In other words, intimate contact with the Self is everywhere, and its allure is the same as love’s.
If we cannot hear what the world whispers, there is another way, pointed out by Tagore again:
I grew tired of the road when it took me here and there.
I married the road in love when it took me Everywhere.
To begin with, the outward world seems to be infinite and inexhaustible, but if we pursue it far enough we inevitably come to the conclusion that it is consciousness itself that is infinite and inexhaustible. The outward journey wears itself out, and then the inward one beckons.
If you try saying this to a sceptic, you run into the same objection: ‘Go stand in traffic. When a bus hits you, you’re dead. End of story.’ Materialists keep insisting that the physical world comes first and that no amount of tricky mental gymnastics can get around that fact. Even sympathetic listeners and committed seekers cling to materialism – perhaps secretly, perhaps guiltily, but mostly, I think, because the full story has yet to sink in. In his gentle but uncompromising way, Spira insists upon telling the full story and beyond that, making it an immediate personal experience.
The full story isn’t new. Its origins lie in India’s ancient past, although, history and human confusion being what they are, many other stories arose to overlap and muddle it. Someone with knowledge of Indian spirituality will read a few pages of this book – or even just the titles of the essays – and say, ‘Ah, Vedanta. That’s what he teaches.’ But to say this is merely to paste a label on Spira’s approach, which also includes the understanding found in the Tantric traditions of Kashmir Shaivism and Dzogchen Buddhism. The Vedas are the sacred scriptures of India, and Vedanta, translated literally, means the end of the Vedas. In other words, Vedanta is the last word in spiritual knowledge, the place you arrive at after absorbing everything else the scriptures can teach you. Vedanta’s promise can be stated in a single maxim: ‘Know that one thing, by knowing which, all else is known.’

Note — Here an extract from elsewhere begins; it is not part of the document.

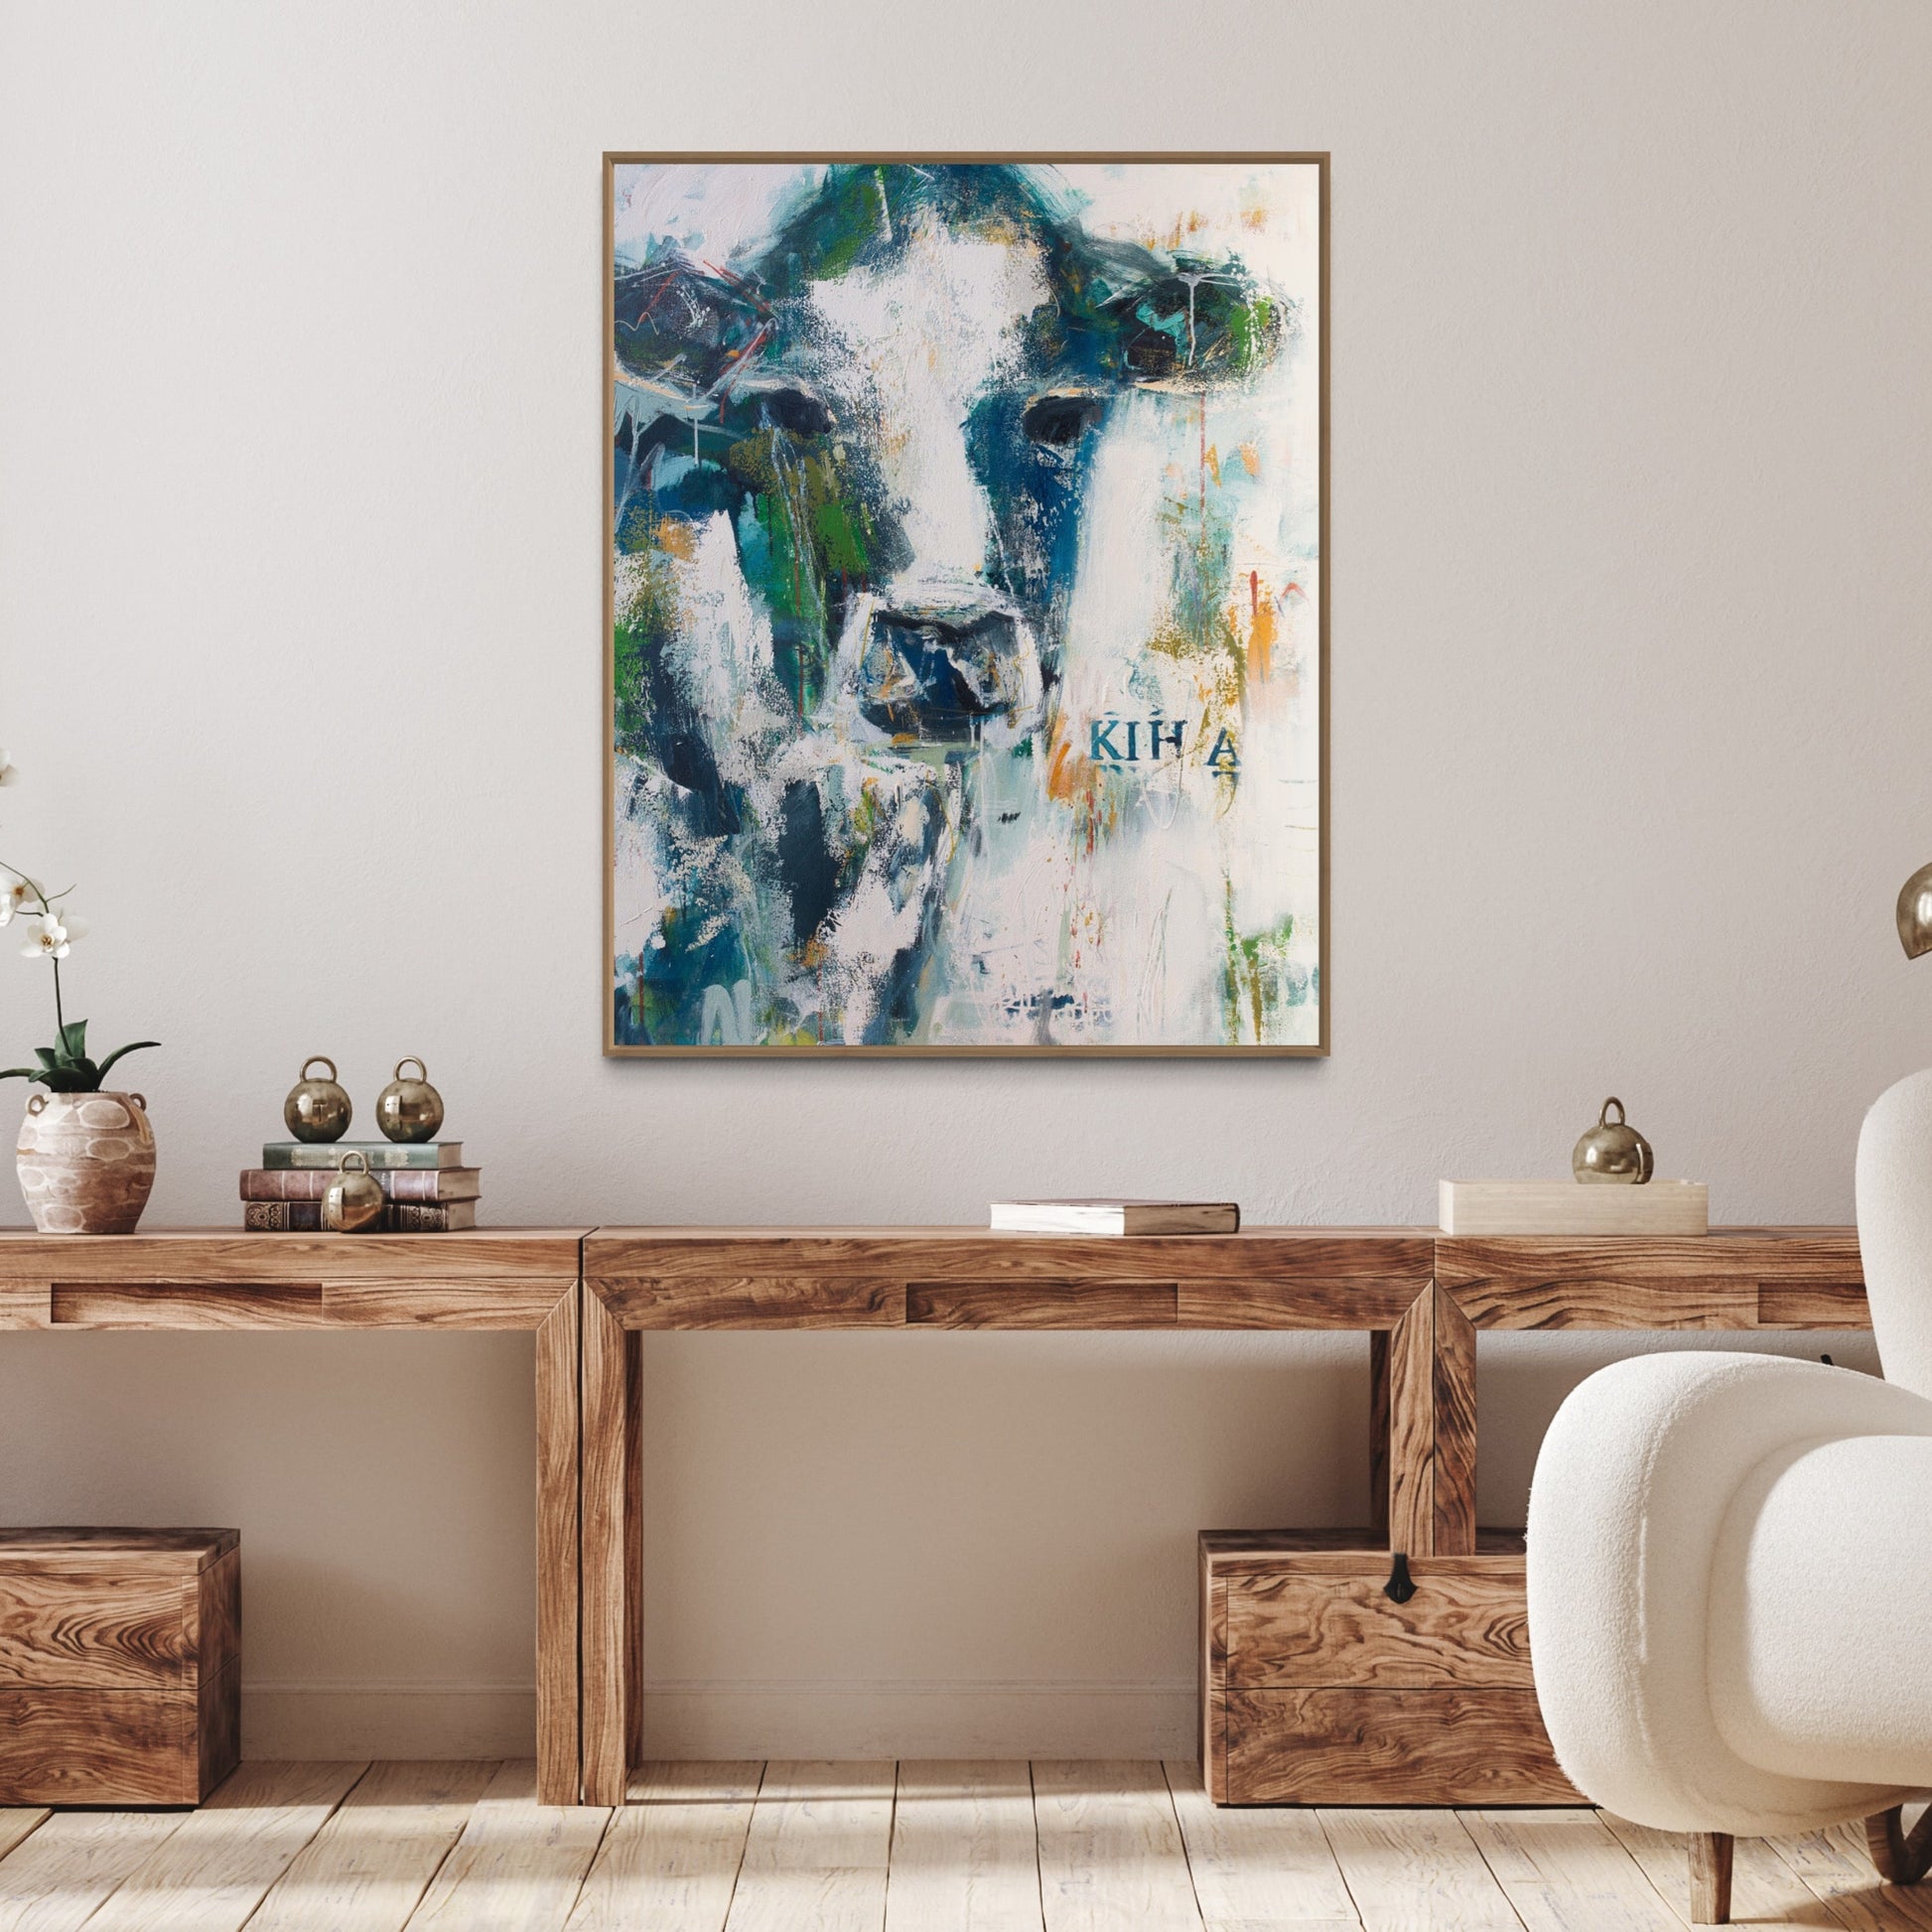 Kiha  - Abstract Cow by Australian Artist Rose Hewartson Original Abstract Painting on Canvas Framed 96x123 cm Statement Piece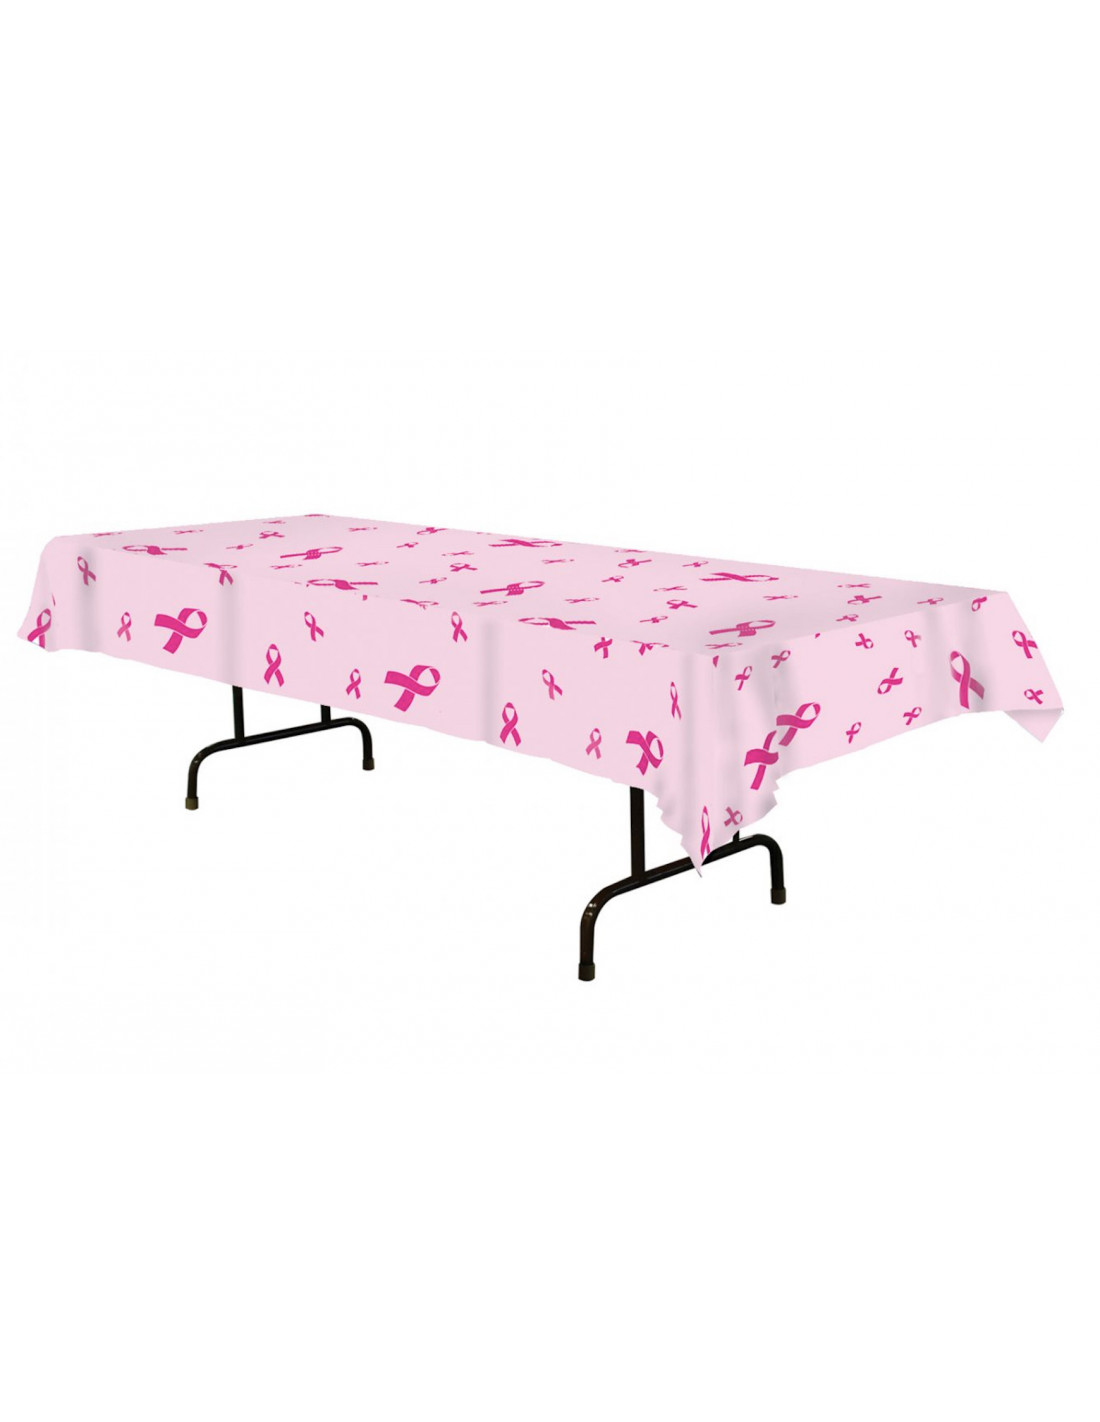 Nappe jetable

There’s enormous appeal in Vedanta’s truth-in-a-nutshell, so why didn’t it become a kind of universal spiritual path? Why not skip the bulk of spiritual teaching – not just Indian but from all sources – and follow this golden thread? Rupert Spira is rare and all but unique in doing exactly that. In India, Vedanta has a reputation for being complex and intellectual, a subject to which professors and religionists devote their entire lives. What was meant to be practical advice – the one thing you need to know in order for all knowledge to fall into your lap – somehow became abstract and exhausting in its obscurity.
Vedanta needed to be revived for modern people who want practical results; otherwise, the most beautiful truths would be unreachable. Vedanta, to be blunt, was like opening a can of tuna with a piece of limp spaghetti. Spira has been through all that – although he modestly doesn’t lean upon his learning – and come out the other side. He has one thing to say because there is only one thing to know: It’s all consciousness. Because consciousness is creating everything, here and now, and because its creation is endlessly fascinating, he finds beautiful ways to express one thing, often poetically, always compassionately. With a diamond in his hand, he wants to show us every facet.
Forewords risk the pitfall of sounding fulsome, but in all candour, I’ve gained deeper understanding listening to Rupert Spira than I have from any other exponent of modern spirituality. Reality is sending us a message we desperately need to hear, and at this moment no messenger surpasses Spira and the transformative words in his essays.